Though myth attributes the Great Depression to the innate conservatism of President Herbert Hoover, the man was no economic conservative. He abandoned laissez-faire, raised taxes, launched public works, extended emergency loans to failing businesses, and lent money to states for relief programs. Hoover did what Obama did eight decades later.
During the 1932 campaign, Roosevelt accused Hoover of presiding over the “greatest spending administration in peacetime in all of history.” FDR’s running mate, “Cactus Jack” Garner, claimed Hoover was “leading the country down the path to socialism.”68 On taking office, however, FDR, terrified of falling prices, ordered crops destroyed, pigs slaughtered, and business cartels created to cut production and fix prices. Roosevelt mistook the consequences of depression, falling prices, for its cause. But prices were merely returning to where they belonged in a free market. The drop in prices was really the first step to a lasting cure.

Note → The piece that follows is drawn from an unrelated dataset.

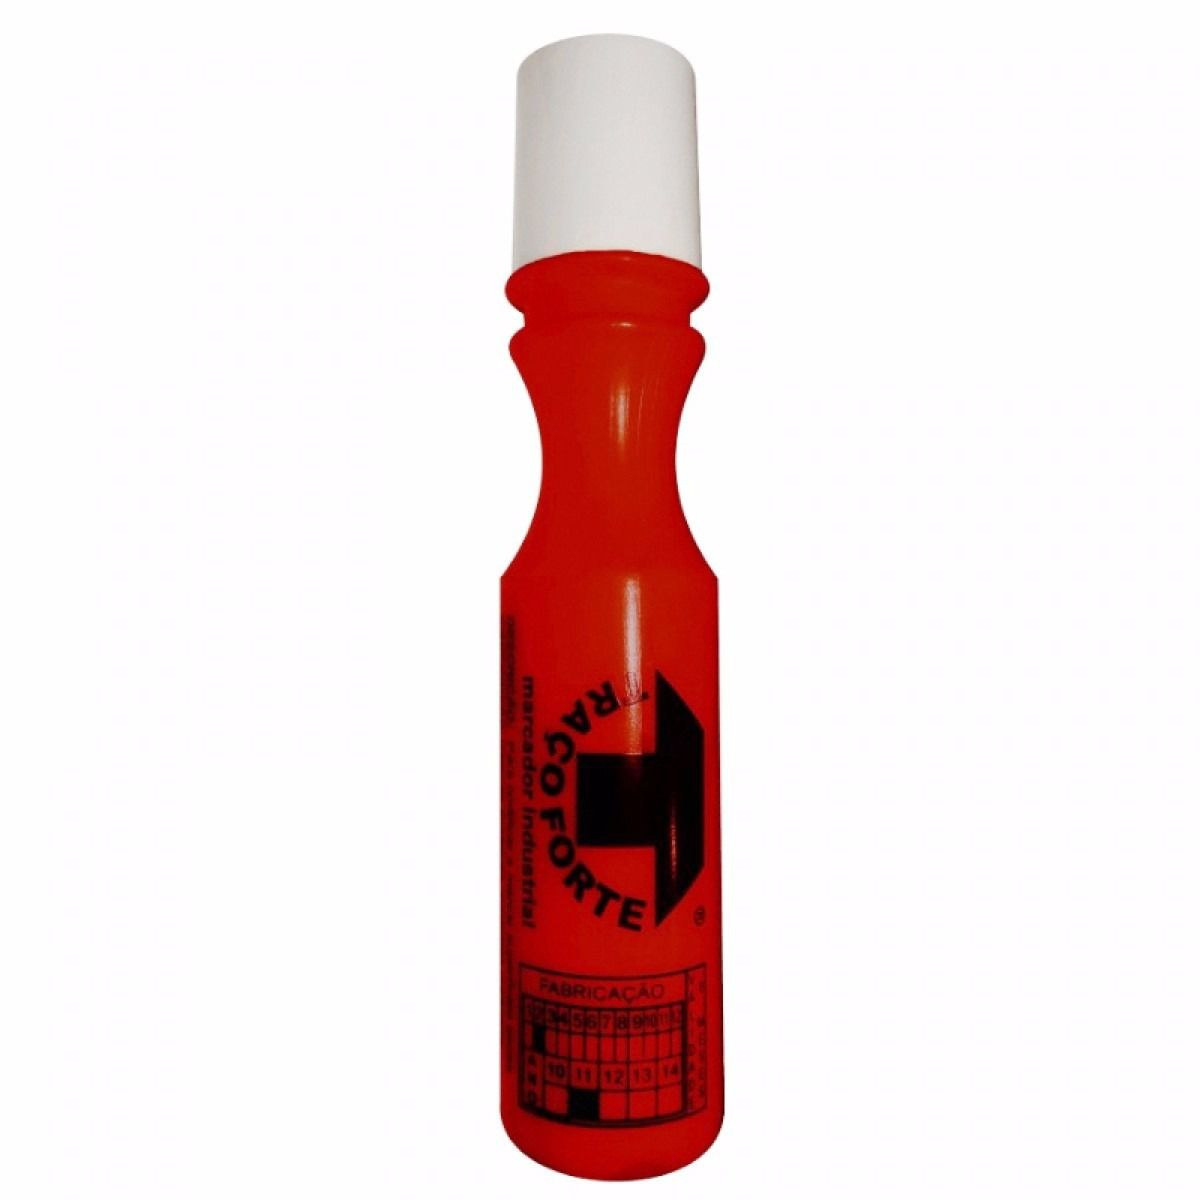 Marcador Industrial Vermelho 60ml 3mm Traço Forte - Baden

Of the Depression, Paul Krugman wrote: “What saved the economy, and the New Deal, was the enormous public works project known as World War II, which finally provided a fiscal stimulus adequate to the economy’s needs.”69
Krugman may have a Nobel Prize, writes Woods in Meltdown, but his analysis is a “stupefying and bizarre misunderst
anding of what actually happened.”70 Obviously, with 29 percent of the labor force conscripted into the armed forces, their jobs taken by older men, by women, and by teenagers, unemployment will fall. But how could the economy be growing 13 percent a year, as economists claim it did, when there was rationing, declining product quality, an inability to buy homes and cars, a longer work week—and shortages everywhere? How can the economy be booming when the cream of the labor force is in boot camp, on military bases, aboard ships, storming beaches, or flying planes over enemy territory?
Ironically, it was 1946, a year the economists predicted would bring on a postwar depression because federal spending fell by two-thirds, that proved to be the biggest boom year in U.S. history. Why? The real economy was producing what people really wanted: cars, TVs, and homes. Businesses were responding to consumer desires, not to a government run by dollar-a-year men who wanted tanks, guns, ships, and planes to blow things up.

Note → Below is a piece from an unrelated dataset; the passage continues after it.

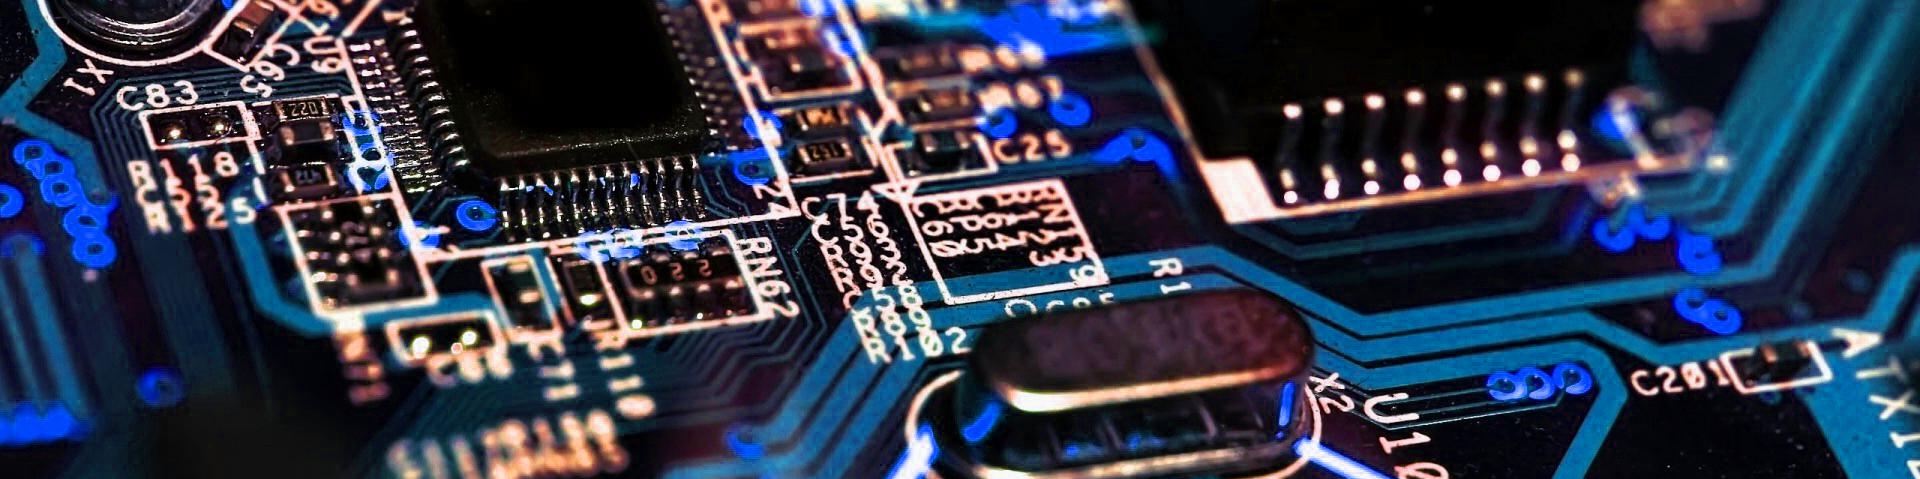 hardwarebanner

Backing Woods up, author Robert Dell wrote in 2011:
Between 1945 and 1947, federal spending was cut from 41.9 percent of GDP to 14.7 percent. Yet the unemployment rate over that period stayed below 3.6 percent and real GDP grew by 9.6 percent. According to [economist David] Henderson, “The postwar bust that so many Keynesians expected to happen never did.”71
Of the financial collapse that brought on the recession of 2008–2010, Woods writes, “The Fed was the greatest single contributor.… more dollars were created between 2000 and 2007 than in the rest of the republic’s history.”72 When the Fed tightened, that bubble burst. Many argue that were it not for the independence and vision of Fed Chairman Ben Bernanke, the economy might have gone into the abyss after the Lehman Brothers collapse. But who brought us to the edge of the abyss?